● Exercise requirements:
Nothing outside the range is wanted. Repeat exactly the lines below from the one with "barefoot beach girls voyeur" through the one with "Sunset 3-piece garden".

● Exercise data:
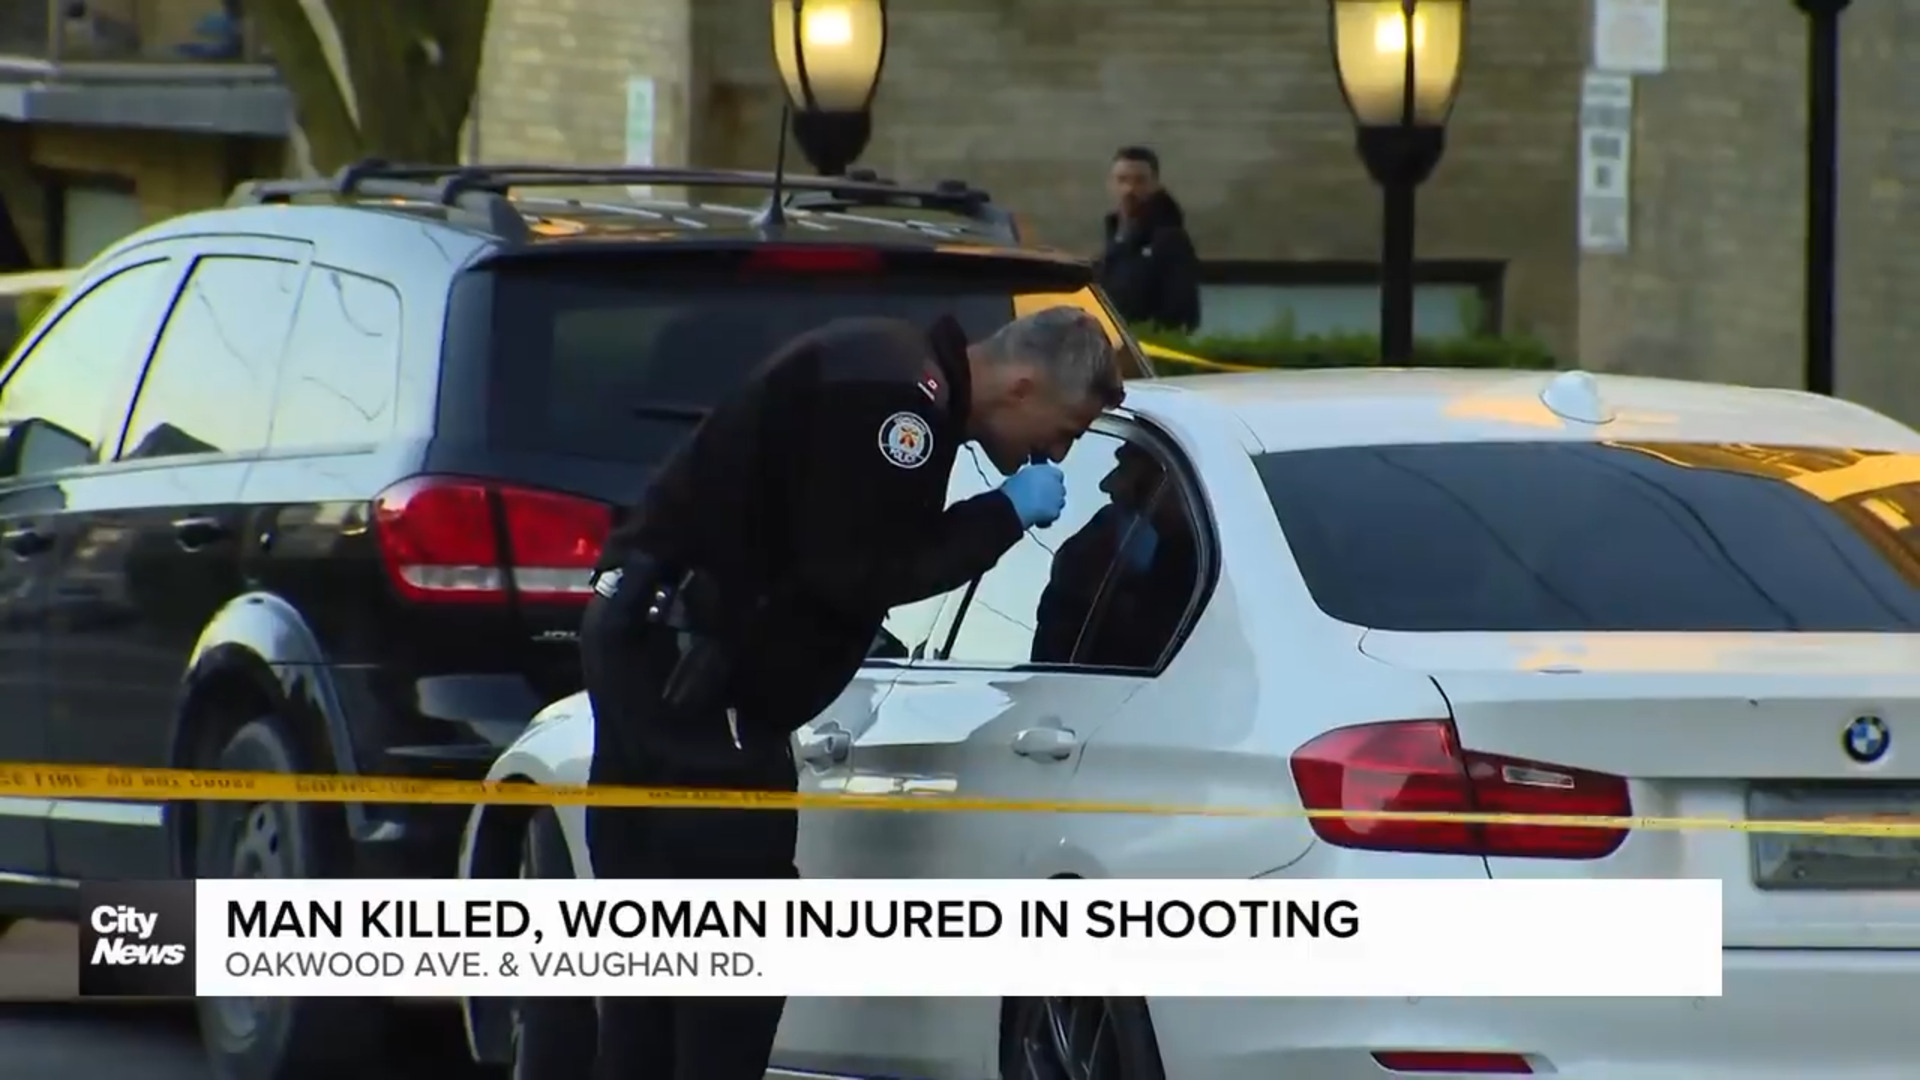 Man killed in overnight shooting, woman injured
--
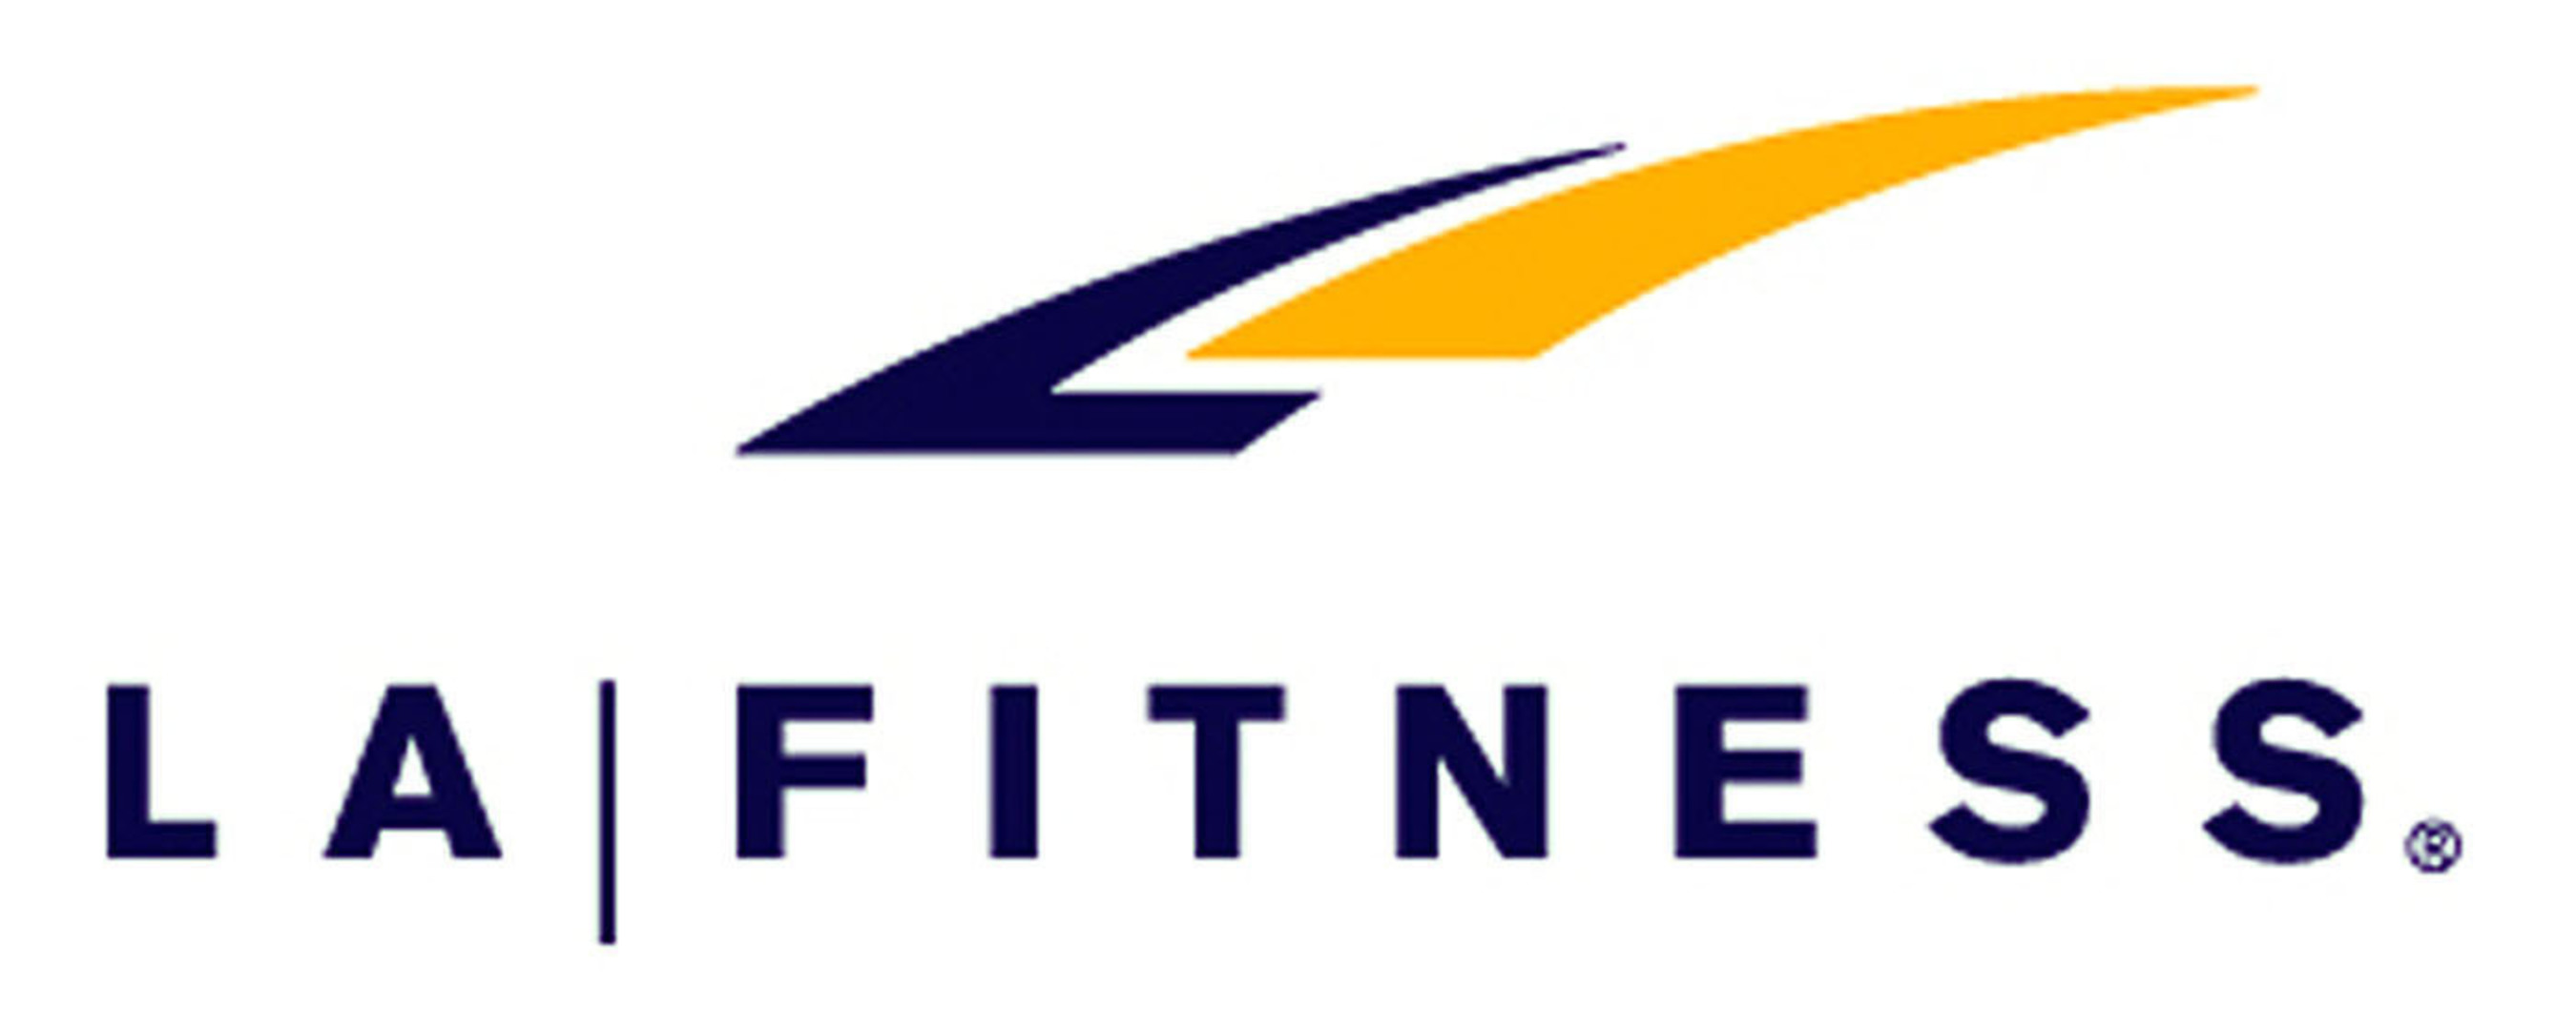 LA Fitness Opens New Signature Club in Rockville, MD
* * *
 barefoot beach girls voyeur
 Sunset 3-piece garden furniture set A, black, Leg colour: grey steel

● Answer:
 barefoot beach girls voyeur
 Sunset 3-piece garden furniture set A, black, Leg colour: grey steel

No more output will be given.